Mike Allen, chairman of the Board of Trustees and a former chief executive officer of the McAllen Economic Development Corp., agreed. He recalled that when the college was founded, companies relocating to the region and those already there were griping that could find enough workers.

“We tried to get Texas State Technical College to come in, but it didn’t work out,” he said. “We decided to set up our own college. We originally thought it wasn’t within our reach, but it was.”

“South Texas College really has been the linchpin of our economic success,” he said.


In many ways, the college owes its growth to its location.  The area’s proximity to Mexico has fueled ambitions for it to become an international center for manufacturing and distribution.
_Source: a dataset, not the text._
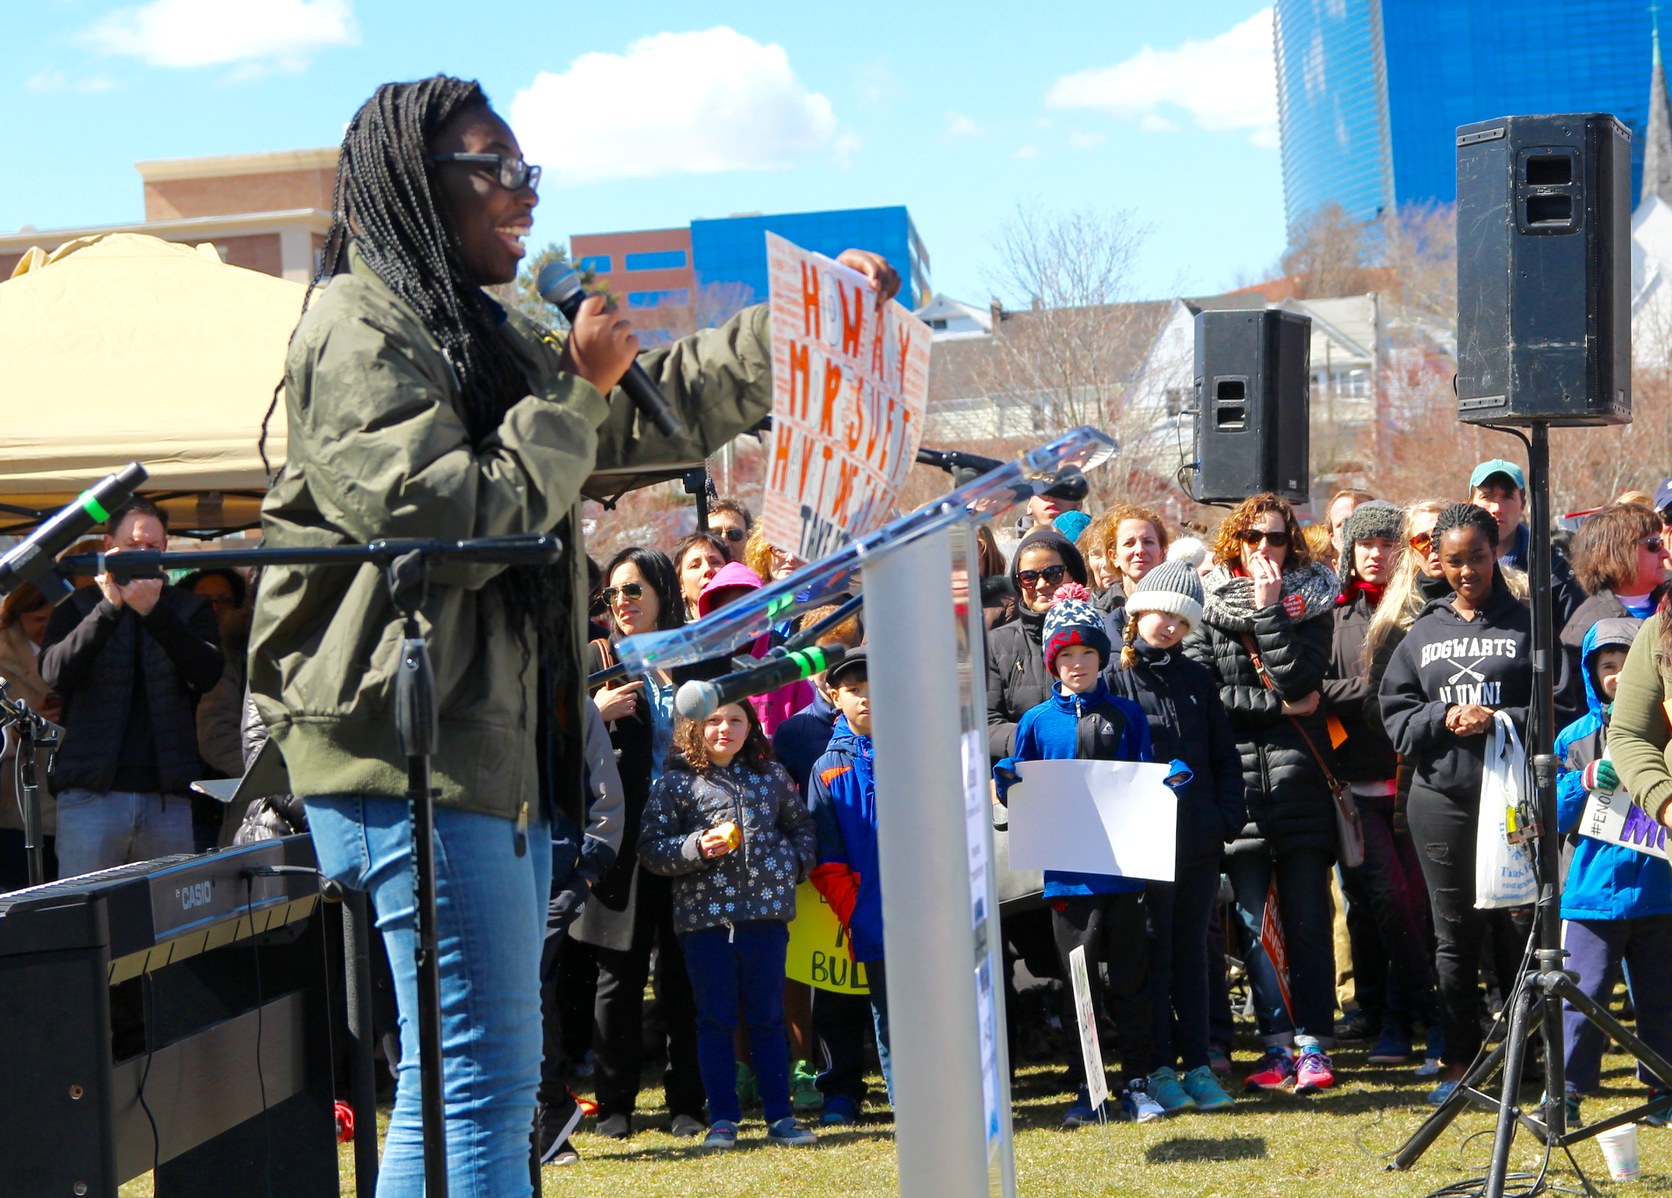 Brianna Jean, a Stamford High School senior addressed hundreds gathered in Mill River Park in Stamford on March 24, 2018 Photo: Leslie Yager

The McAllen area is growing rapidly. Its population has increased by more than 85 percent since 1990 and is expected to double by the year 2030. It has a wealth of residents aged 18 to 24.

Policy makers remain mindful that problems persist beneath the statistical surface, which show the scope of the challenge facing them.

For example, according to the U.S. Census Bureau, 84 percent of all households in the region speak a language other than English at home.

In Hidalgo County, of which McAllen is the county seat, only about half of all residents have a high school diploma, and only about 13 percent have a bachelor’s degree. In nearby Starr County, just over one-third of residents have a high school diploma and fewer than 7 percent have a four-year degree.

Also, while unemployment has declined, wages for workers lag  behind the rest of the state. Per capita personal income in 2006 was $17,409 in Hidalgo County and $12,971 in Starr County, compared to $35,166 for Texas as a whole.

Those kinds of numbers are part of the impetus for NAAMREI, Garza said.

“We know our real challenge is the high number of people with no high school diploma,” she said. “What we want to change is the per capita income. Without that, you don’t have real prosperity.”

Reed has a broader vision for the college’s future.

“What we need to create is a college-going culture,” she said. “Many of our students are the first in their families to go to college. We know it will be a long process, but we think that every time we graduate a student, we change a family. It might take a generation, but that is our goal.”